Note that you must enable the process-command-api Cargo feature (Tauri's CLI will do this for you once you changed the config):

# Cargo.toml
[dependencies]
tauri = { version = "1", features = ["process-command-api", ...] }

Passing arguments​

You can pass arguments to Sidecar commands just like you would for running normal Commands (see Restricting access to the Command APIs).

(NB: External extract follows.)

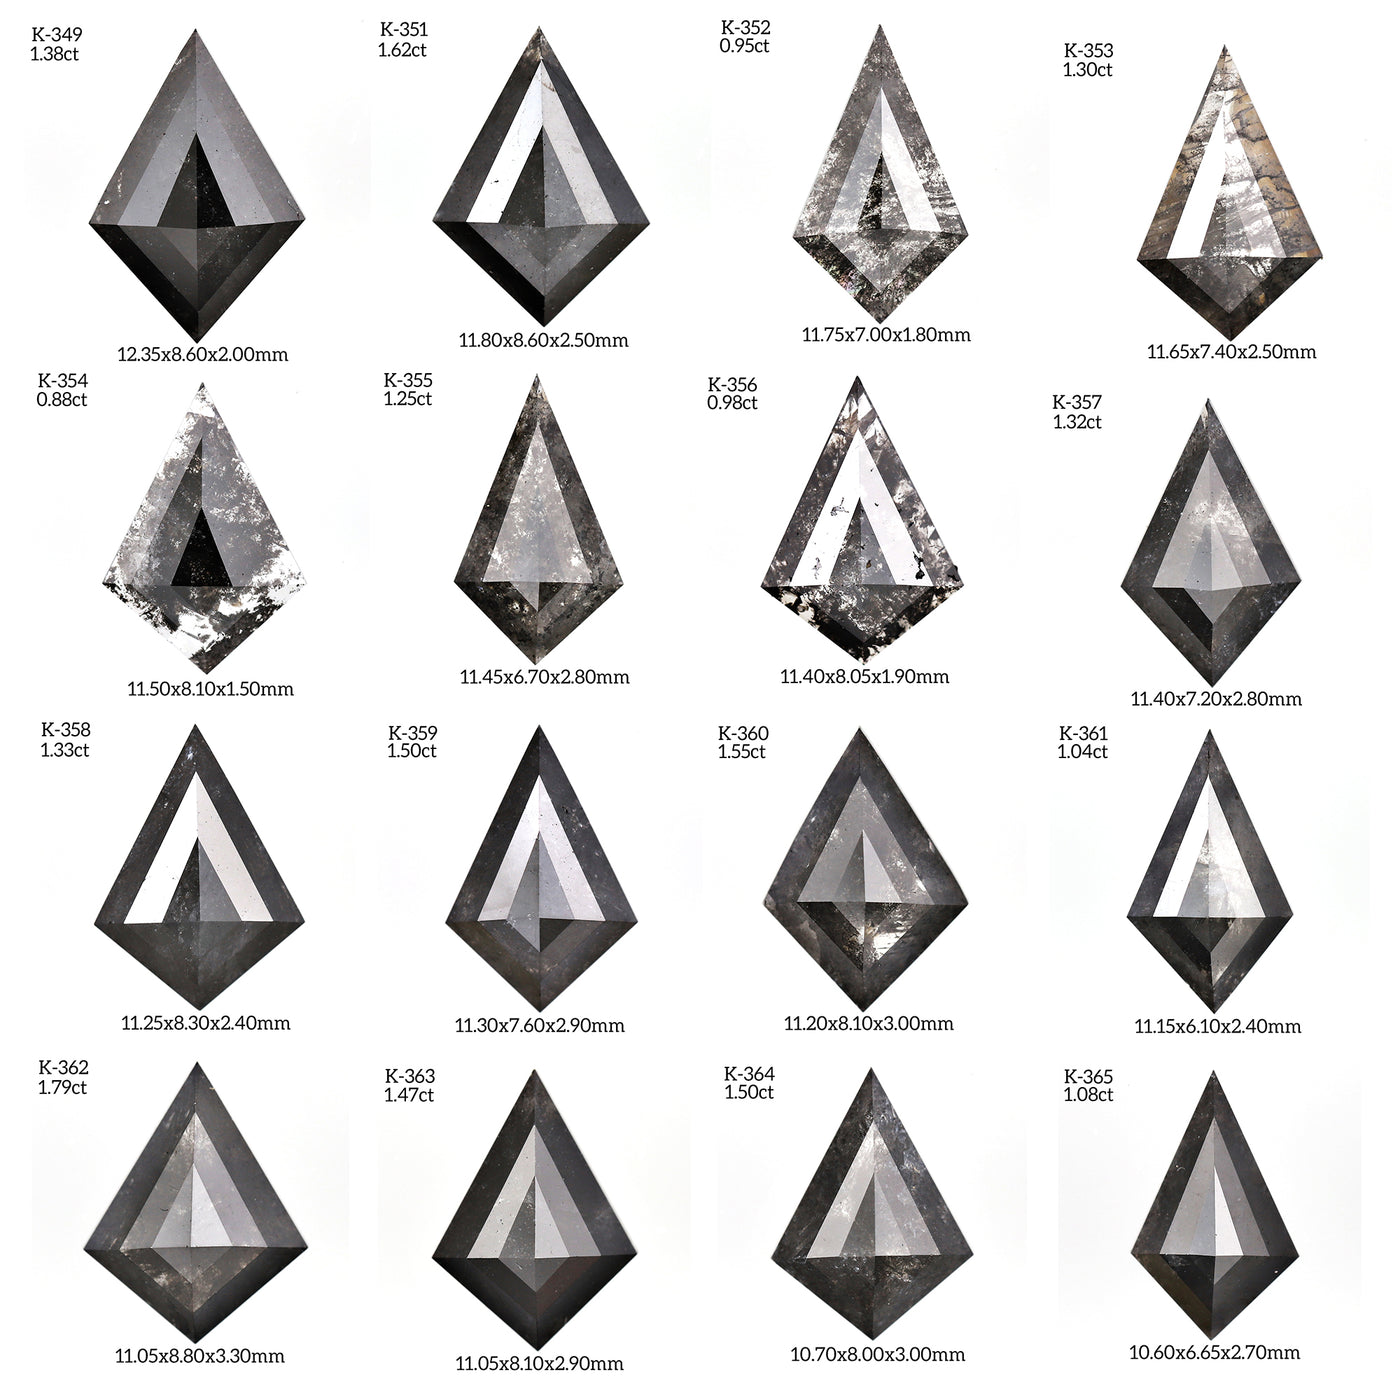 K301 - Salt and pepper kite diamond
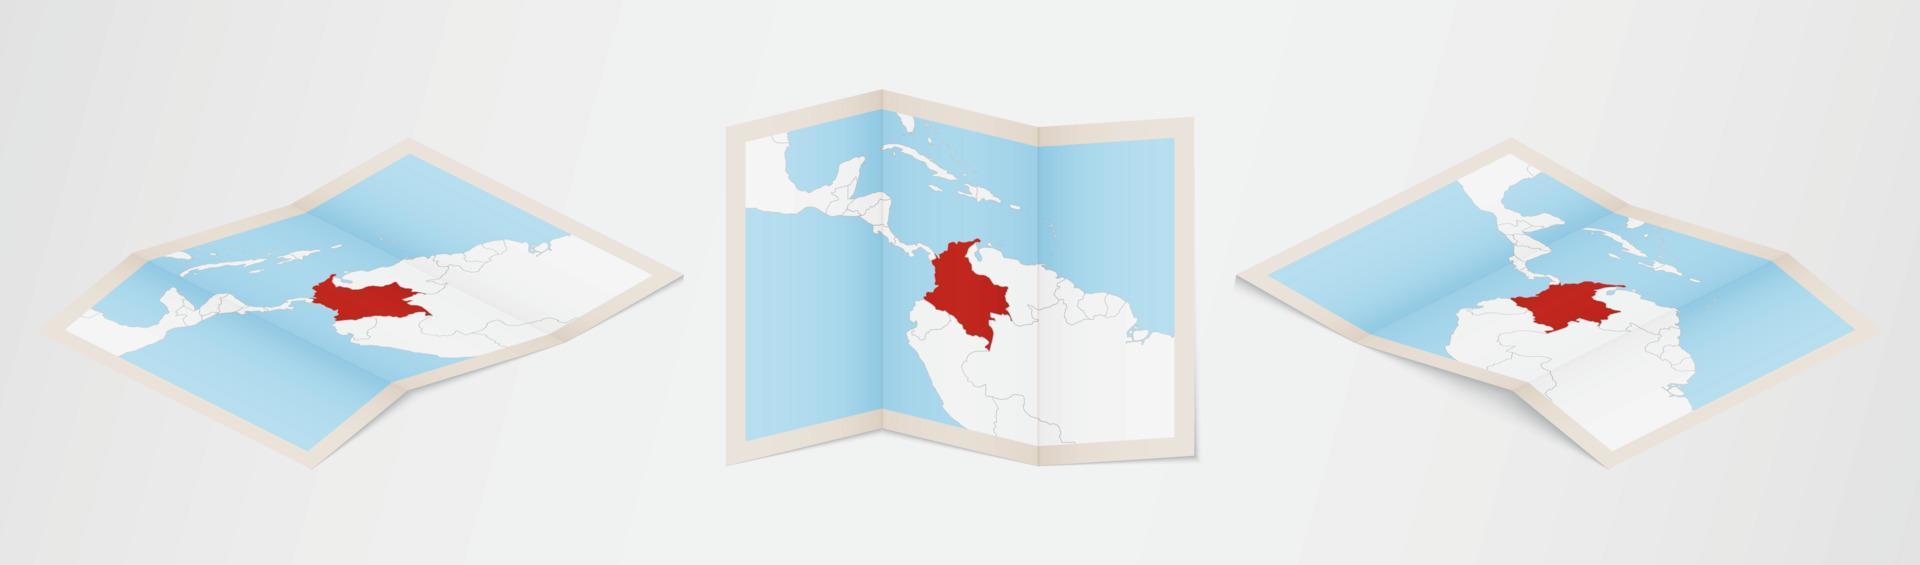 mapa dobrado da colômbia em três versões diferentes. vetor

First, define the arguments that need to be passed to the Sidecar command in tauri.conf.json:

{
"tauri": {
"bundle": {
"externalBin": [
"/absolute/path/to/sidecar",
"relative/path/to/binary",
"binaries/my-sidecar"
]
},
"allowlist": {
"shell": {
"sidecar": true,
"scope": [
{
"name": "binaries/my-sidecar",
"sidecar": true,
"args": [
"arg1",
"-a",
"--arg2",
{
"validator": "\\S+"
}
]
}
]
}
}
}
}

Then, to call the sidecar command, simply pass in all the arguments as an array:

import { Command } from '@tauri-apps/api/shell'
// alternatively, use `window.__TAURI__.shell.Command`
// `binaries/my-sidecar` is the EXACT value specified on `tauri.conf.json > tauri > bundle > externalBin`
// notice that the args array matches EXACTLY what is specified on `tauri.conf.json`.
const command = Command.sidecar('binaries/my-sidecar', [
'arg1',
'-a',
'--arg2',
'any-string-that-matches-the-validator',
])
const output = await command.execute()

Using Node.js on a Sidecar​

The Tauri sidecar example demonstrates how to use the sidecar API to run a Node.js application on Tauri. It compiles the Node.js code using pkg and uses the scripts above to run it.